(Missouri Digital News) -- This November, Missourians will vote on whether to approve a cigarette tax hike.
The initiative, Proposition B, would put an additional 73 cents per pack tax on cigarettes, increasing the total state tax to 90 cents per pack. Missouri currently has the lowest tobacco tax in the nation at 17 cents a pack.
Prop B is estimated to bring in $283 million to $423 million a year, according to an estimate from the state auditor. The proceeds would be divided between K-12 education, higher education and tobacco prevention and education programs.
Supporters of Prop B, like Rep. Chris Kelly, D-Columbia, said increasing the tax will discourage smoking in Missouri and provide important education funds.
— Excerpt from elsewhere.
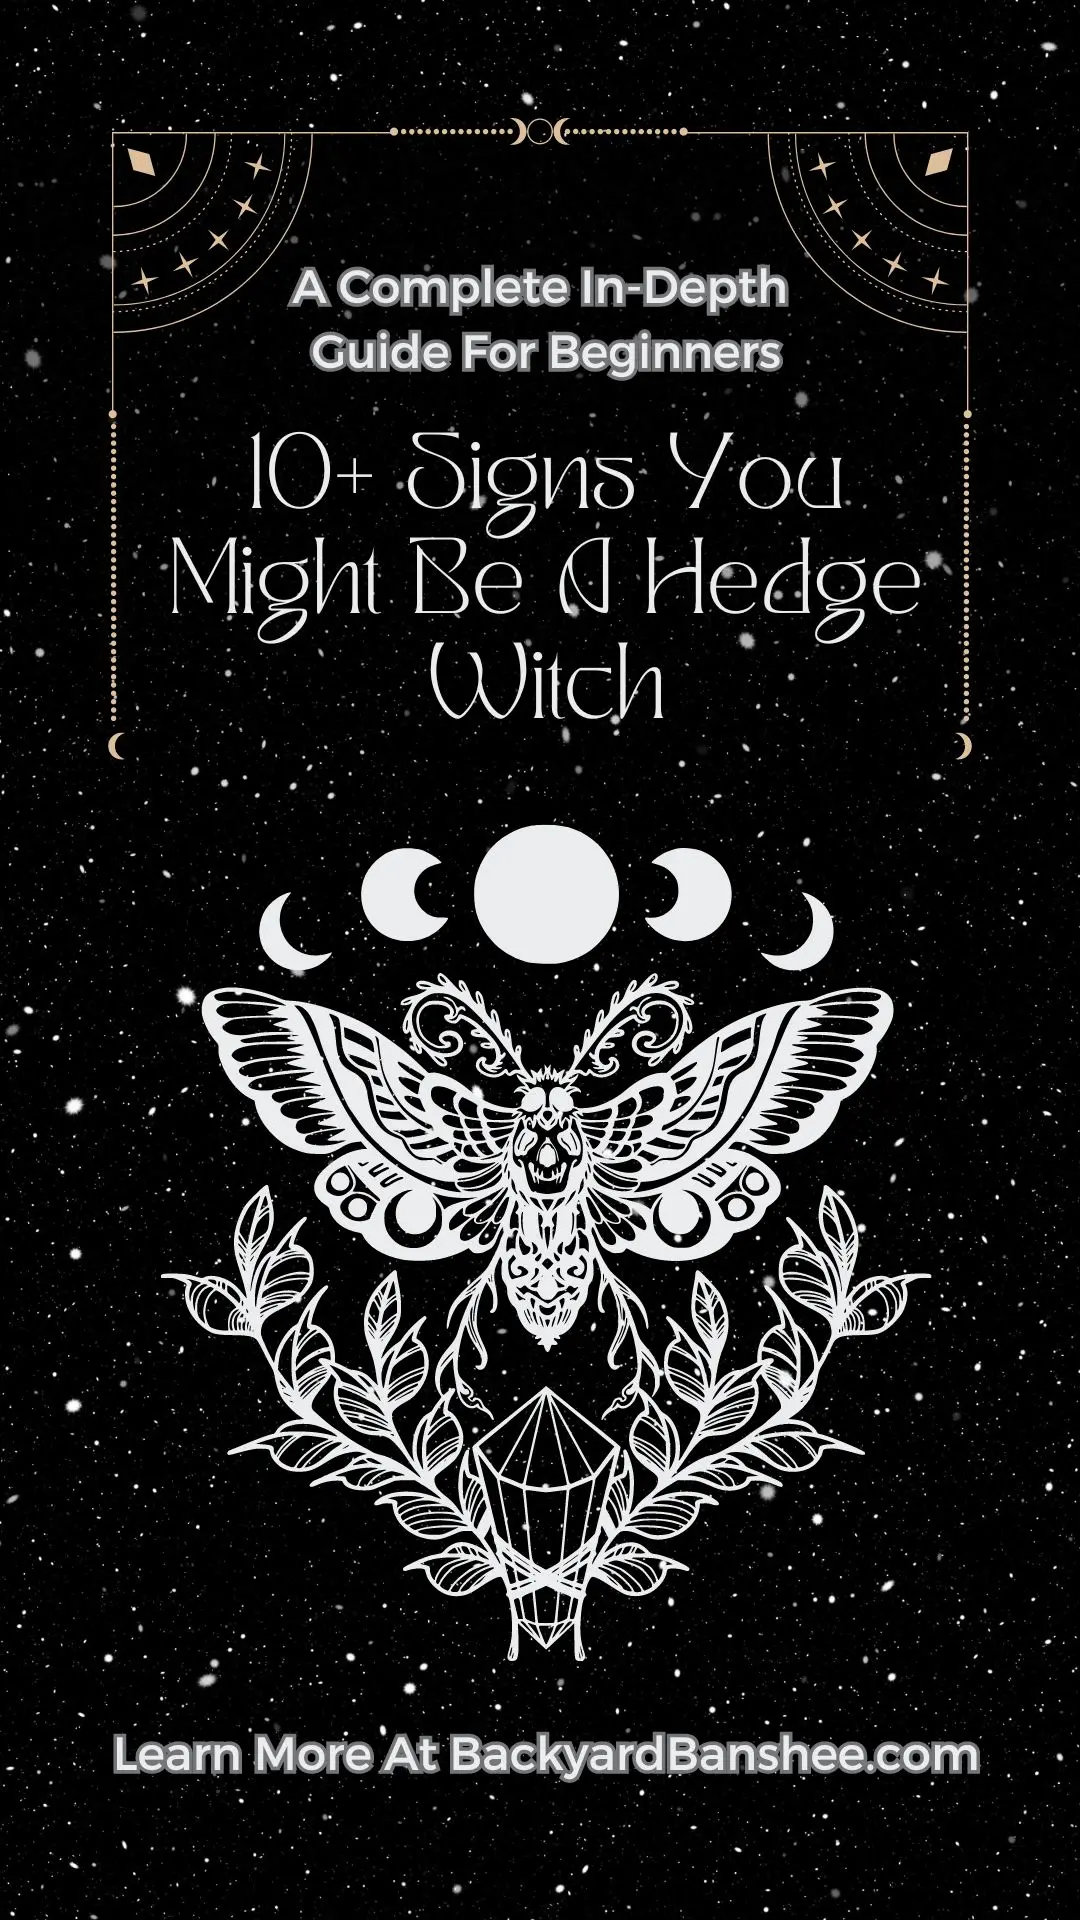 10 signs you may be a hedge witch

"For potential teenage smokers, there's a strong correlation between price and starting to smoke. And so, we know the tax will produce revenue that we need, and we also hope that it will discourage teenage smokers," Kelly said.
Ron Leone, executive director of the Missouri Petroleum Marketers and Convenience Store Association, said Prop B's 760 percent cigarette tax increase is devastating.
"It will hurt Missouri consumers, it will force small businesses to close, it will cause people to lose their jobs and it will generate less tax revenue for local and state coffers that are already stretched thin because of the great recession," Leone said.
Twenty percent of the proceeds from the tax would go toward tobacco abstinence programs, 50 percent for K-12 education and 30 percent to higher education.